All strains tested were serotyped following the manufacturer's instructions using commercial specific antisera (Denka Seiken, Tokyo, Japan).
Isolates were characterised by automated ribotyping using the RiboPrinter® (Qualicon, Inc. Wilmington, DE, USA) and selecting EcoRI as the restriction enzyme. Ribotypes were firstly classified into ribotypes by automatic classification and, then, some isolates were submitted to manual classification after visual inspection.
PFGE was performed according to PulseNet protocol with enzymes AscI and ApaI. New PFGE profiles obtained by AscI were marked by subsequent numbers. Closely related patterns, differing from each other by one to three bands, were assigned an additional capital letter. Indistinguishable or closely related strains were subsequently cleaved with ApaI.
Results: Seven clusters including two to three isolates were identified within human isolates. Isolates from salami were heterogeneous but all were different by ribotyping and PFGE from the available human isolates.

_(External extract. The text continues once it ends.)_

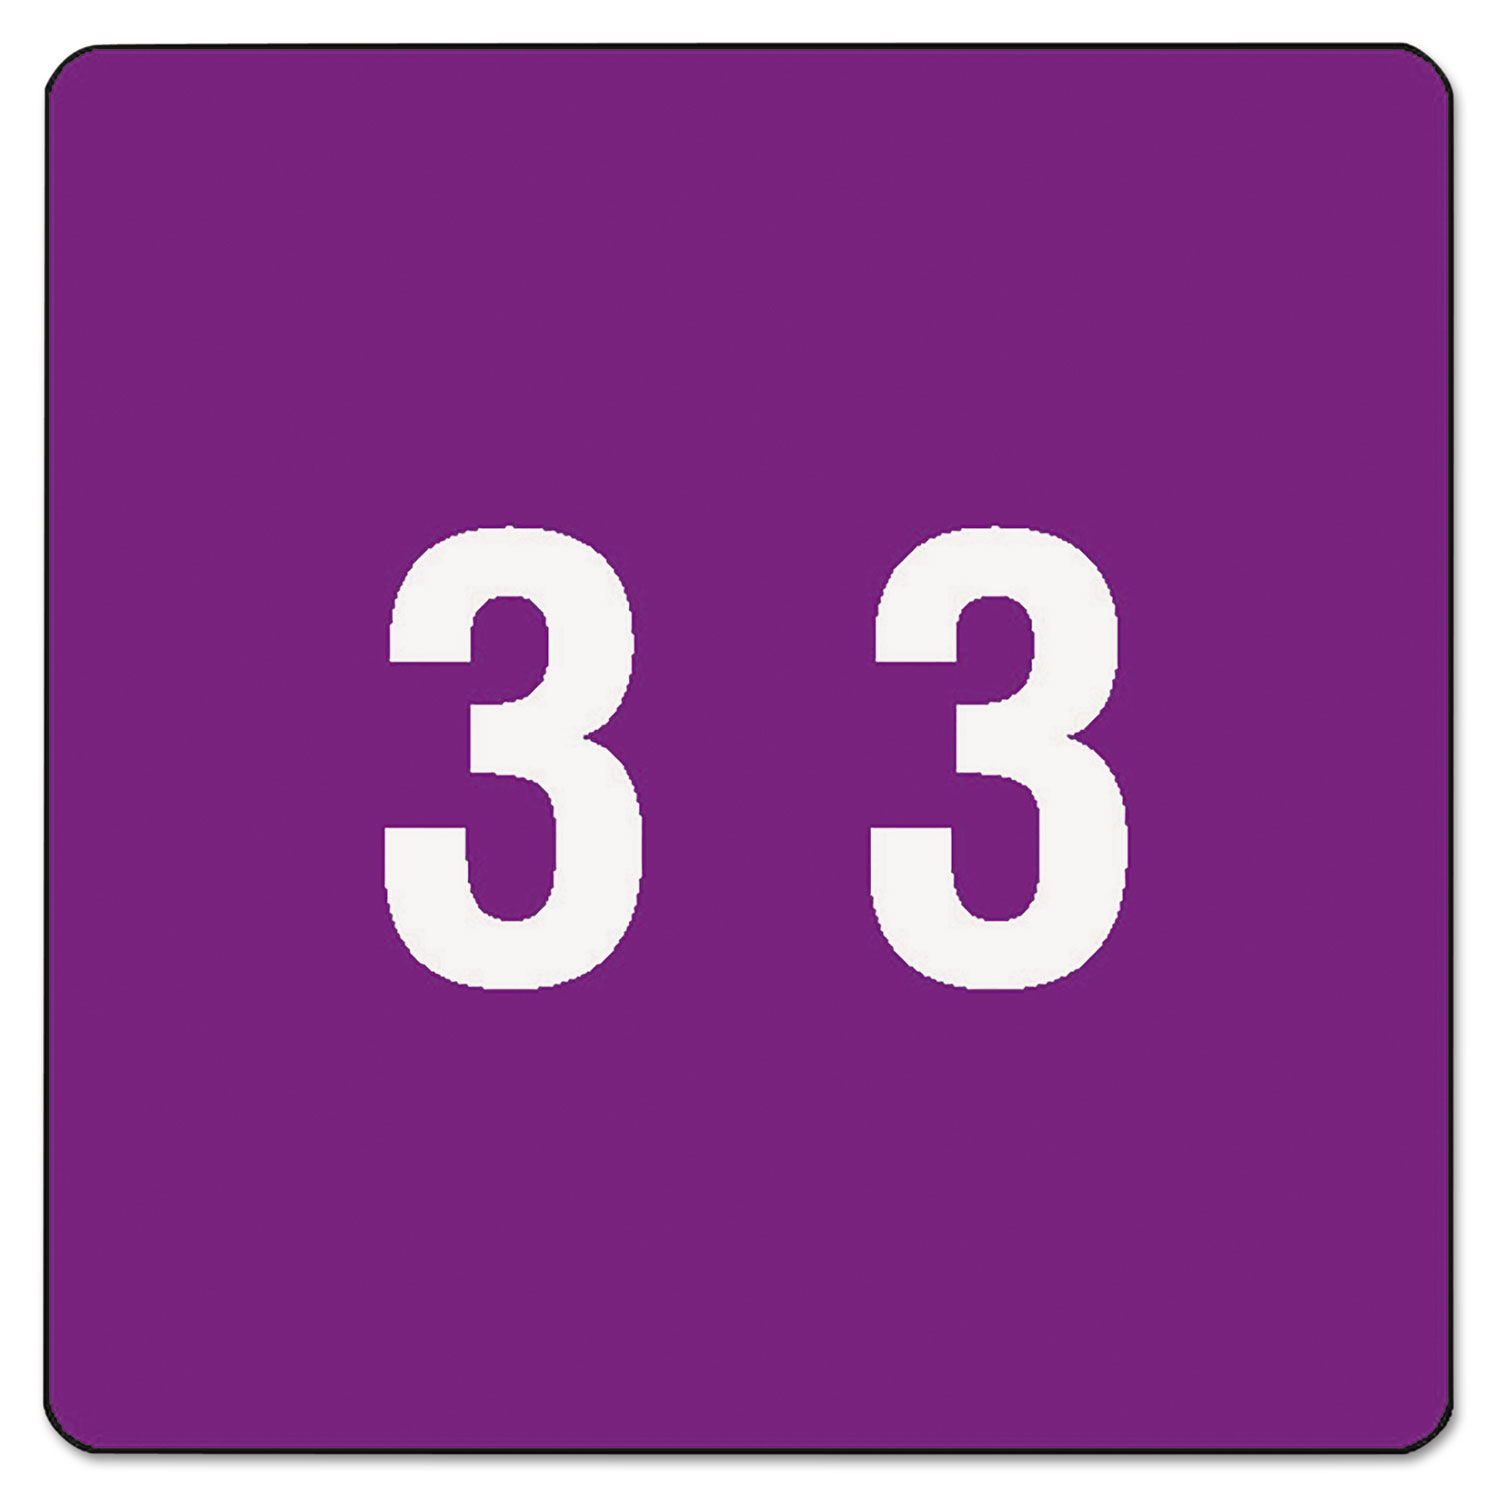  Smead 67423 Numerical End Tab File Folder Labels, 3, 1.5 x 1.5, Purple, 250/Roll (SMD67423) 
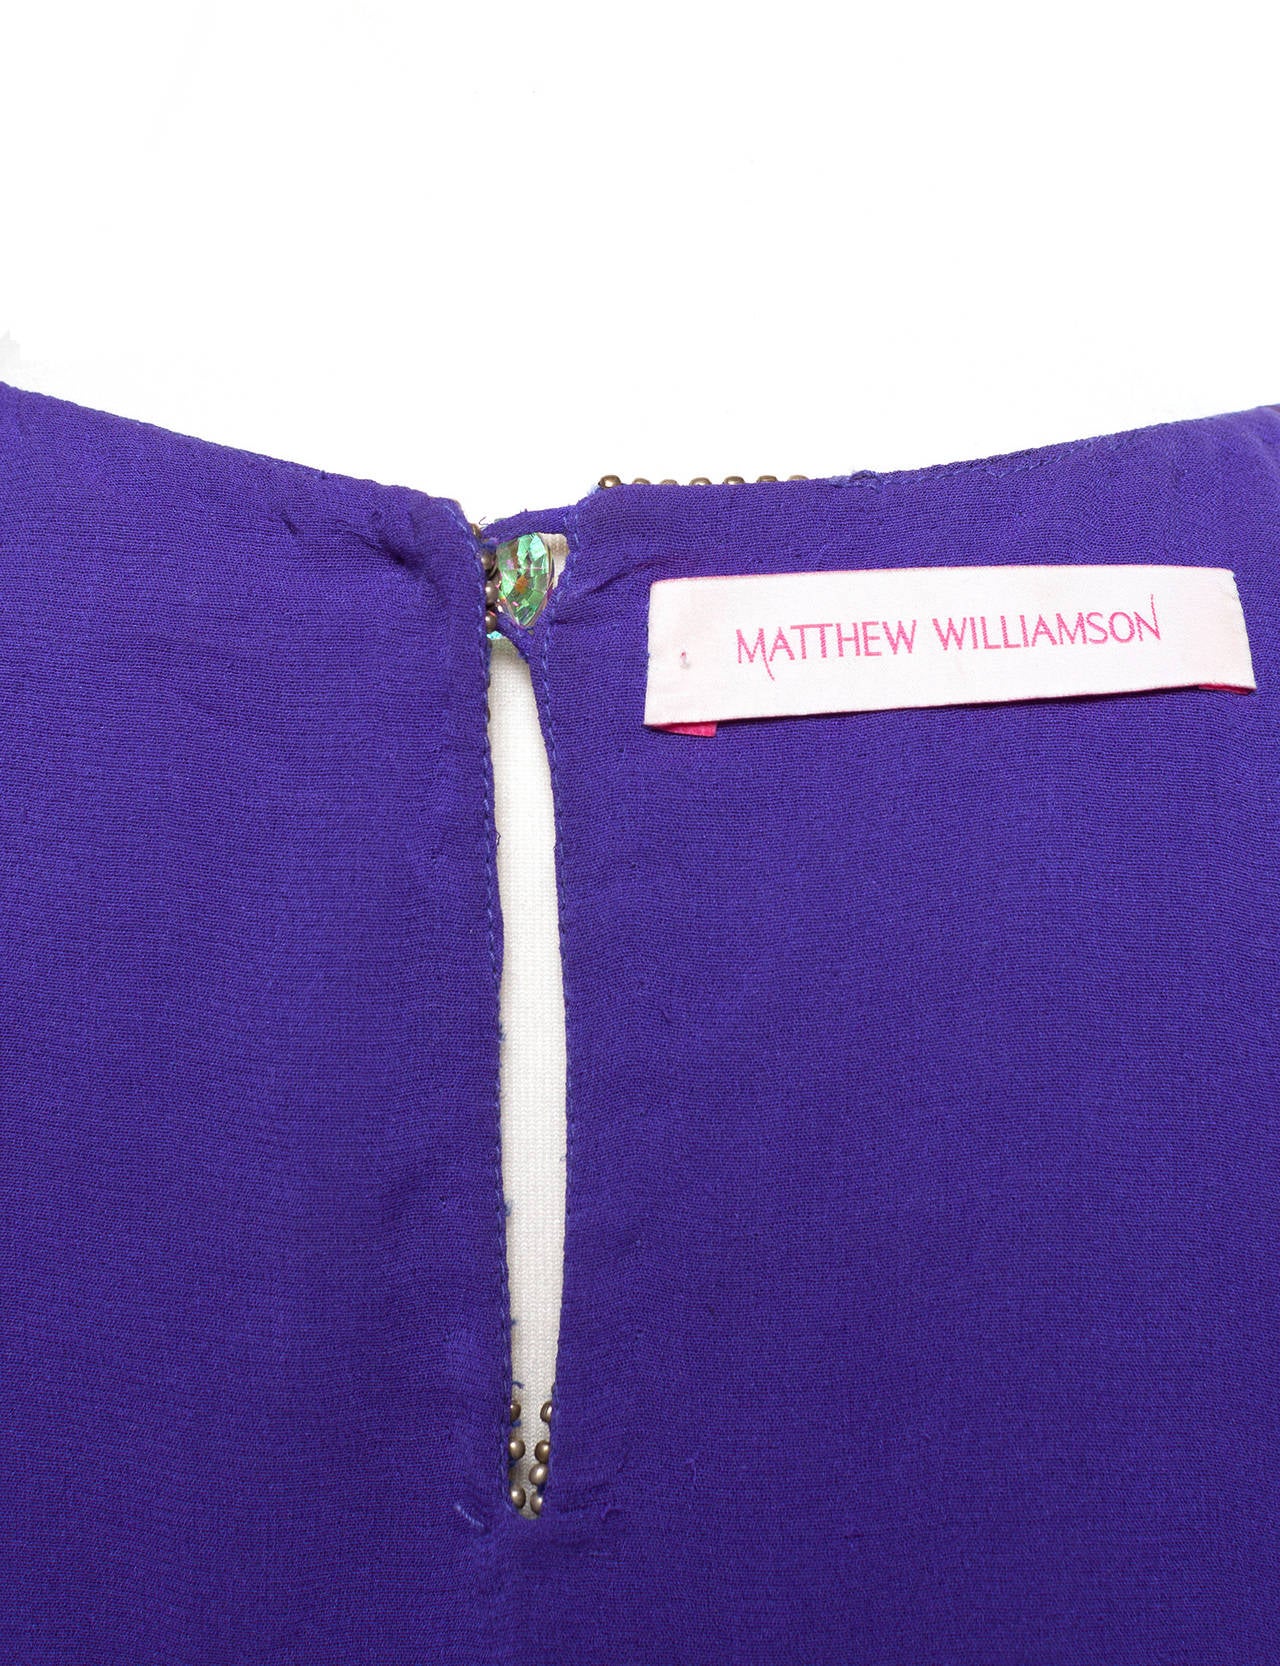 Matthew Williamson purple silk tunic with beaded front, Sz. 10 4

Taleggio and gorgonzola cheese samples proved to contain two different strains of L. monocytogenes.
A cluster, including human isolates from the geographic area under study, consisted of three strains indistinguishable by serotyping serotype 1/2b, PFGE after AscI and ApaI digestion and EcoRI ribotyping ribotype DUP-1034 from L. monocytogenes strains detected on the rinds of Taleggio cheeses produced in an Italian plant.
Conclusion: Listeriosis control strategies should include subtyping of human isolates and take into account that a large proportion of cases may represent foodborne outbreaks. PFGE and ribotyping databases representing isolates from different sources may be invaluable to identify source-specific subtypes.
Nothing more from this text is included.